Study of the microstructures and lifetime of spin-cast silicon sheets for photovoltaics.

Silicon sheets were fabricated by a new fabricating method, spin casting with various rotation speeds of the graphite mold. The microstructure of spin-cast silicon sheets were investigated using an electron probe microanalyzer (EPMA) and scanning electron microscope/electron backscatter diffraction/orientation image micrograph, and the lifetime of the sheets was mapped using microwave photoconductance decay. The silicon sheets were vertically aligned, with sizes ranging from tens of microns to one hundred microns. The as-grown lifetime was measured and found to range from 0.049 micros to 0.250 micros. The ASTM number was plotted against the lifetime using ASTM E112 to estimate the grain size. Approximately half of the grain boundaries seemed electrically inactive with meaning of no recombination center since the grains were growth directionally, especially in a longitudinal aligned. It was confirmed that the lifetime of spin-cast sheets makes them suitably applicable for photovoltaics compared to those produced by alternative ribbon-producing methods.

Behavior of the impurity-rich phase in metallurgical grade silicon during fractional melting.

A new fractional melting (FM) process that uses centrifugal force to separate the liquid from the cake (liquid + solid) was developed for refining metallurgical grade Si. The behavior of the solute and the refining mechanism during the FM process were studied using scanning electron microscopy (SEM) and electron probe microanalysis (EPMA). During the FM, the solutes migrated very quickly and aggregated at seemingly disordered locations, where they subsequently melted before the silicon bulk matrix melted.

Formation of silicon sheet on a rotating substrate.

A spin casting process to fabricate polycrystalline silicon sheets for use as solar cell wafers is presented and the parameters that control the sheet thickness are investigated.
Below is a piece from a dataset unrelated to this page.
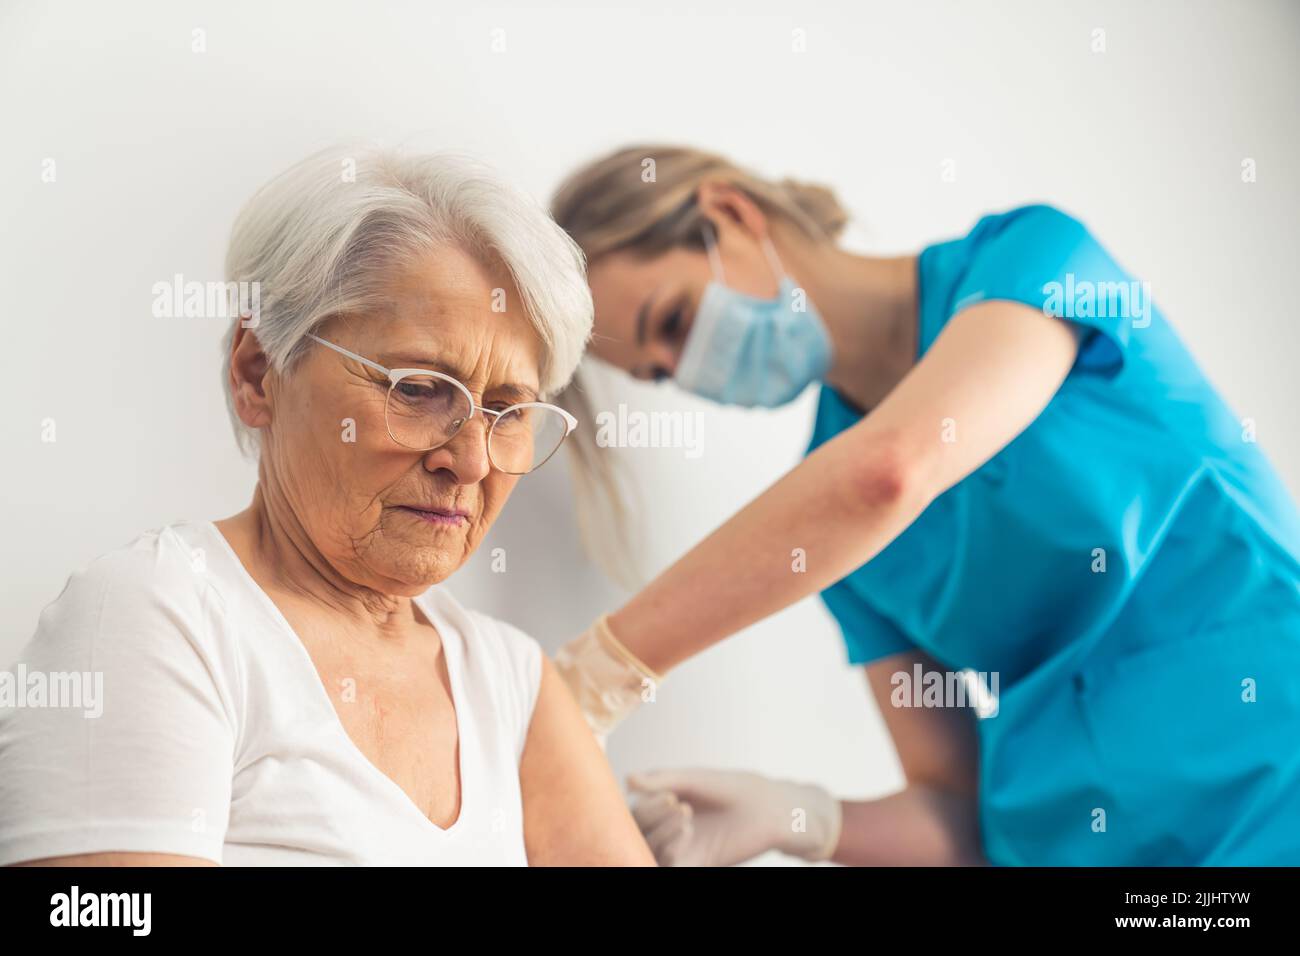 Giovane infermiera che fa l'iniezione di farmaco o vaccino anti-covid ad una donna anziana con capelli grigi all'ospedale. Foto di alta qualità Foto Stock
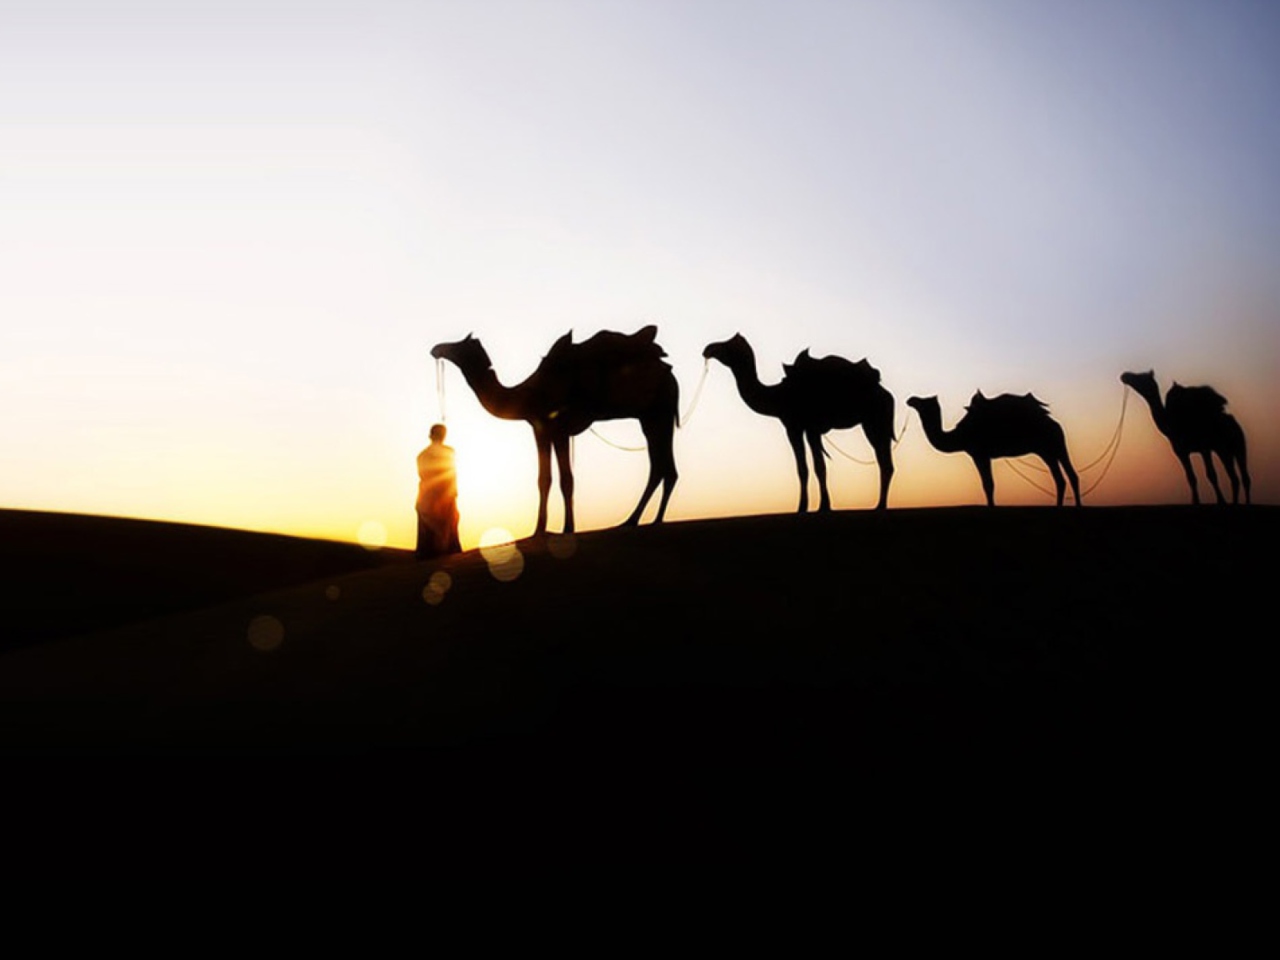 Обои Camel At Sunset 1280x960

The computational model for the spin casting is proposed in order to understand the melt flow and solidification behaviors in the mold. The effect of the rotating speed of the mold and substrate morphology on the silicon sheets is studied via computer simulations, and the simulation results are compared with the experimental results. The numerical study of the fluidity and solidification behavior of the silicon predicted that the formation of rectangular sheets via spin casting is feasible, and the subsequent experiment confirmed this prediction. Using a square mold, rectangular silicon sheets can be produced under appropriate experimental conditions. Microstructural analyses verified the presence of long columnar structures on the sheets.